The word you are looking for is the Coefficient of Restitution.

The coefficient of restitution$(e)$ decides whether the collision is elastic or inelastic. It depends on the surfaces of contact between the balls. The value of $e$ is generally between $0$ and $1$. With $0$ representing completely inelastic, and $1$ representing completely elastic.

  • If $e=0$, then the balls would stick together at contact. They would move together with a velocity lower than that of the original in the same direction. The law of conservation of momentum will be valid here.
  • If $0<e<1$, then a partially elastic collision will take place.
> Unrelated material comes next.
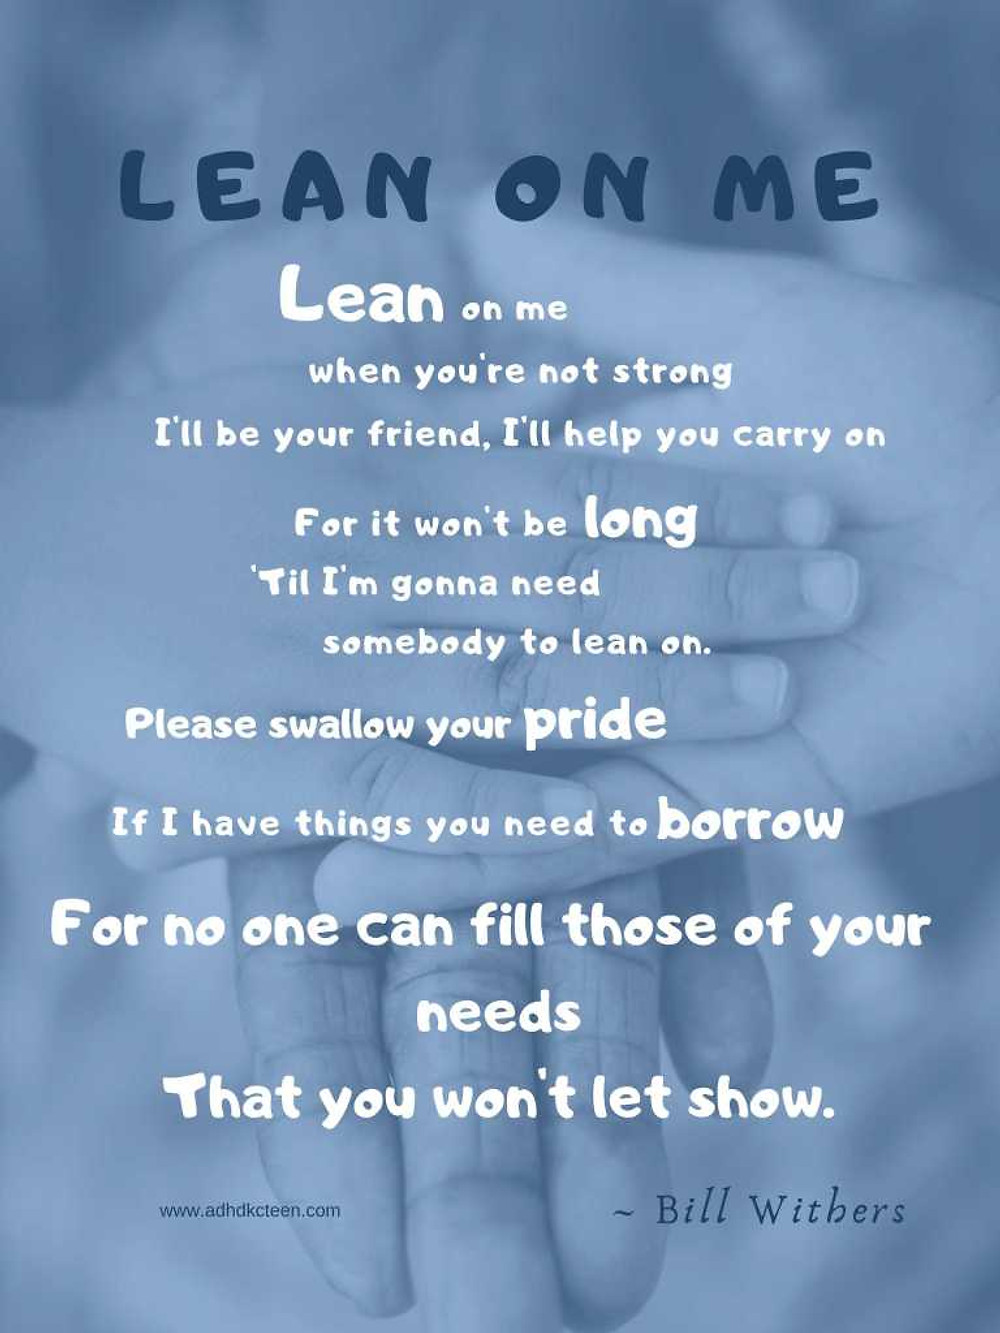 Lean On Me lyrics share a fantastic message. #friends @adhdkcteen
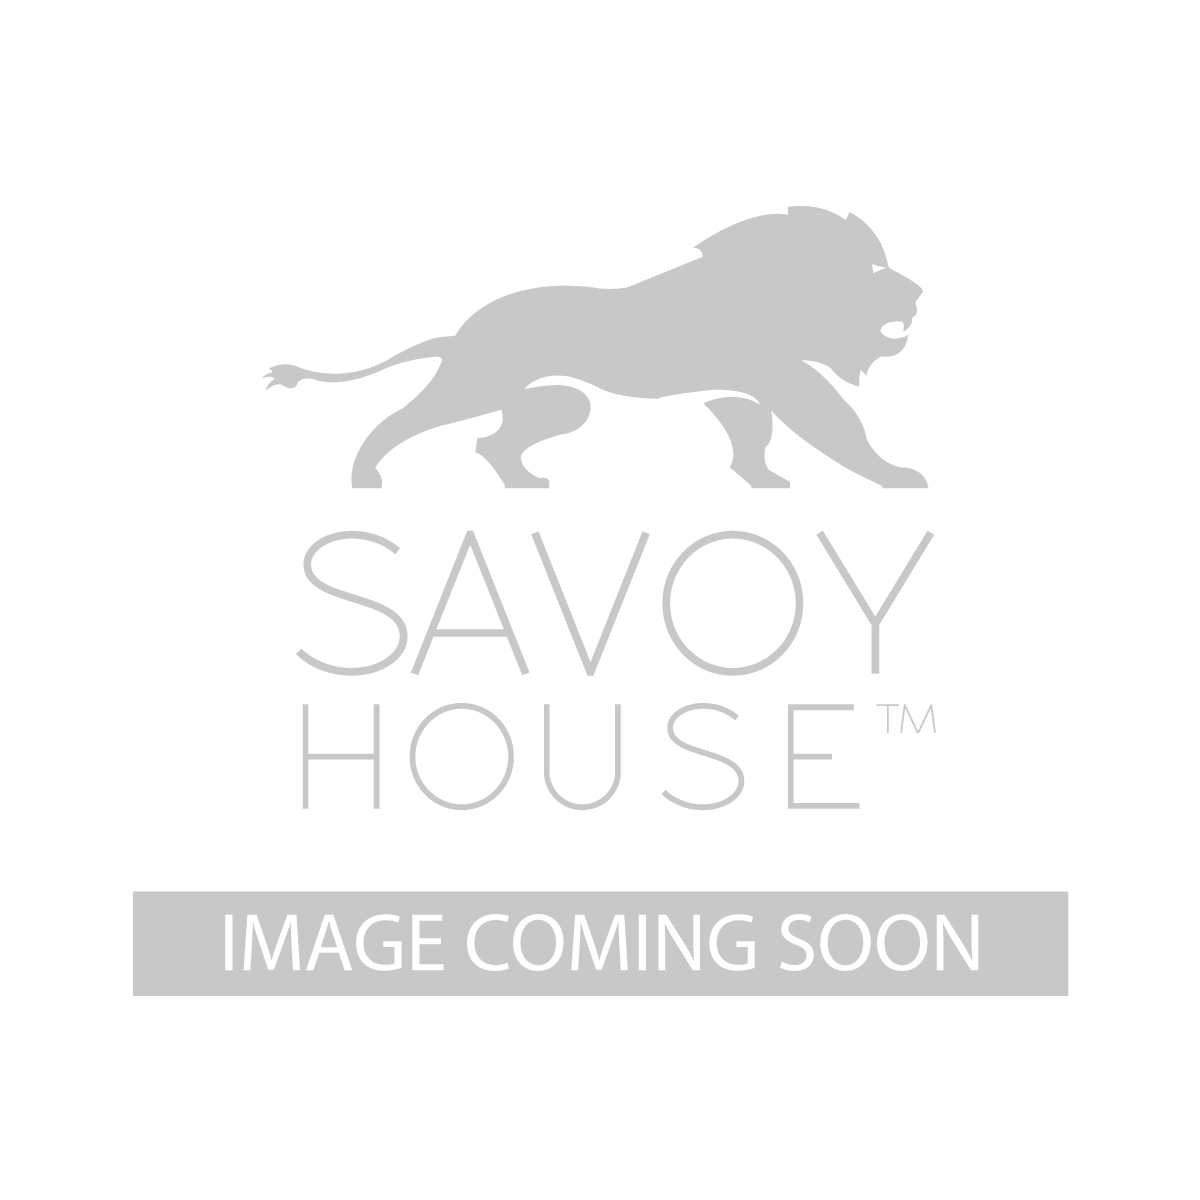 7 6099 24 109 galea 24 light chandelier by savoy house for Www savoyhouse com

According to the masses, the balls could move in the same direction, with different velocities. Or move in opposite directions and still satisfy the law of conservation of momentum.
  • If $e=1$, then the collision is completely elastic. The incoming ball might rebound and the second ball might move in the original direction. All this happens in accordance with the laws of conservation of momentum and energy. In a special case, if the masses of the balls are equal, then the first ball could stop, and the second one moves in the same direction with the same velocity.

In short, the coefficient of restitution tells us how much loss energy loss occurs to heat. The law of conservation of momentum is valid in all three cases. But only for $e=1$ is the energy not lost to the surrounding as heat.